In Italien wurde Peruggia trotzdem als Nationalheld gefeiert. Das erste Urteil lautete auf mehr als ein Jahr Haft, in zweiter Instanz wurde die Strafe auf sieben Monate und acht Tage reduziert. Da er diese Zeit bereits in Untersuchungshaft verbracht hatte, verließ er das Gericht als freier Mann. Anschließend diente er im Ersten Weltkrieg in der italienischen Armee, kehrte danach nach Frankreich zurück, eröffnete eine Lackiererei, heiratete und bekam eine Tochter. Er starb am 8. Oktober 1925 an seinem 44. Geburtstag an einer Bleivergiftung. Das Gemälde selbst wurde vor der Rückgabe wochenlang in italienischen Museen gezeigt und ging Ende 1913 an den Musée du Louvre in Paris zurück.

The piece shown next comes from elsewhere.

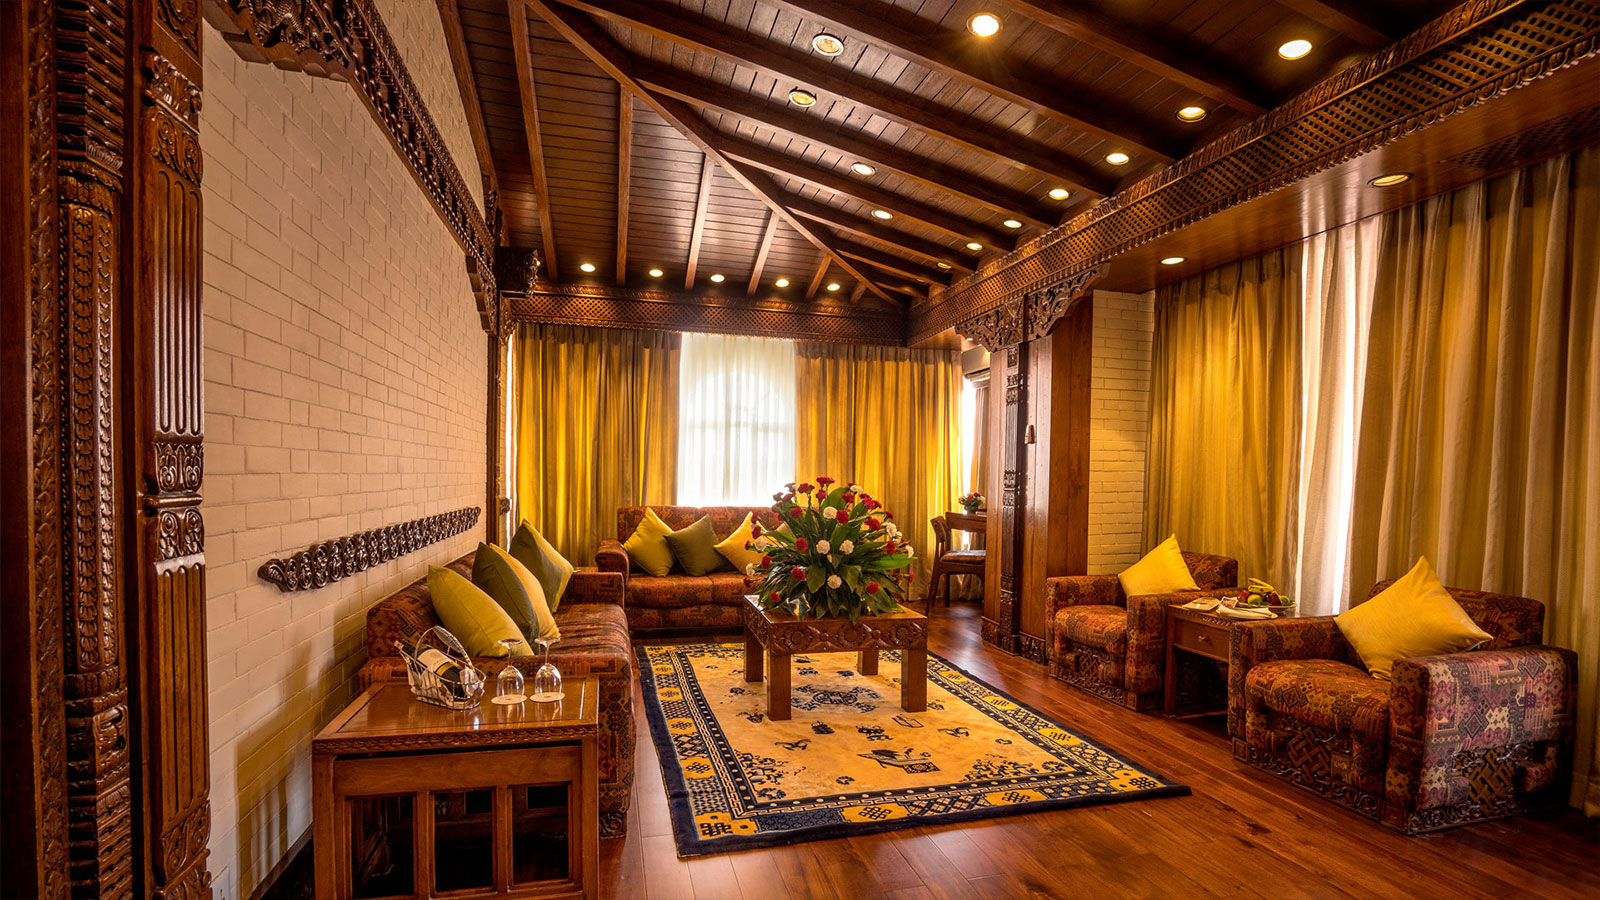 Hotel Yak  U0026 Yeti  Luxury 5 Star Hotel In Kathmandu  Nepal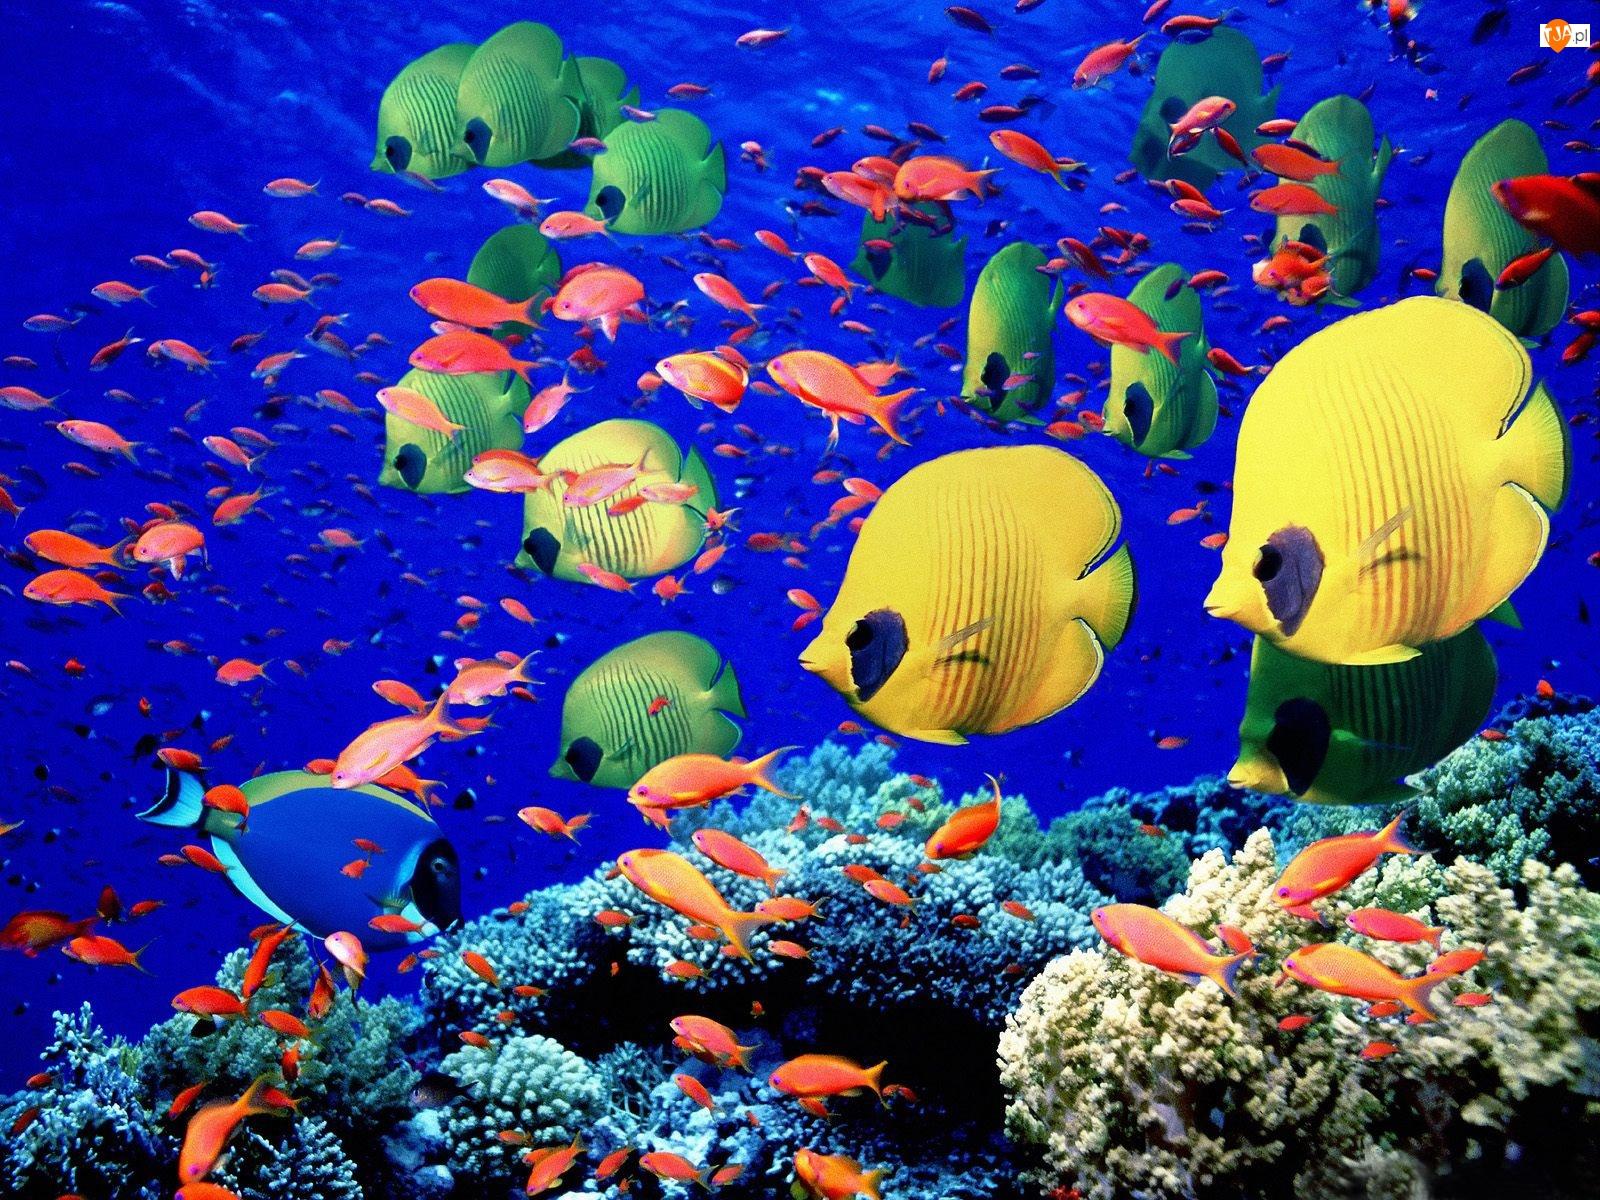 Rafa, Rybki, Ocean, Kolorowe

Der eigentliche Kern dieser Geschichte liegt nicht im Diebstahl, sondern in seiner Wirkung. Vor 1911 war die Mona Lisa ein bedeutendes Werk unter mehreren im selben Saal. Nach dem 21. August 1911 stand ihr Bild auf Titelseiten in ganz Europa und in den Vereinigten Staaten, auf Postkarten, in Karikaturen und in Werbeanzeigen. Besucher kamen in den Louvre, um die leere Stelle zu sehen, und stellten sich vor vier Eisenhaken an. Als das Gemälde 1914 wieder an seinem Platz hing, war es nicht mehr dasselbe Objekt in der öffentlichen Wahrnehmung, sondern das bekannteste Gemälde der Welt.
Damit steht der Fall für einen Mechanismus, der sich in der Kunstgeschichte selten so klar nachzeichnen lässt: Bekanntheit entsteht nicht allein aus Qualität, sondern aus Erzählbarkeit. Ein Werk, über das zwei Jahre lang jeden Tag gerätselt wird, sammelt eine Aufmerksamkeit an, die kein Katalog und keine Ausstellung erzeugen kann. Peruggia wollte das Bild nach Italien zurückholen und erreichte das Gegenteil, denn er machte es endgültig zum Symbol des Louvre. Heute hängt die Mona Lisa hinter Panzerglas in einem eigenen Saal, gesichert und einzeln beleuchtet, und die vier Haken von damals sind der Grund dafür.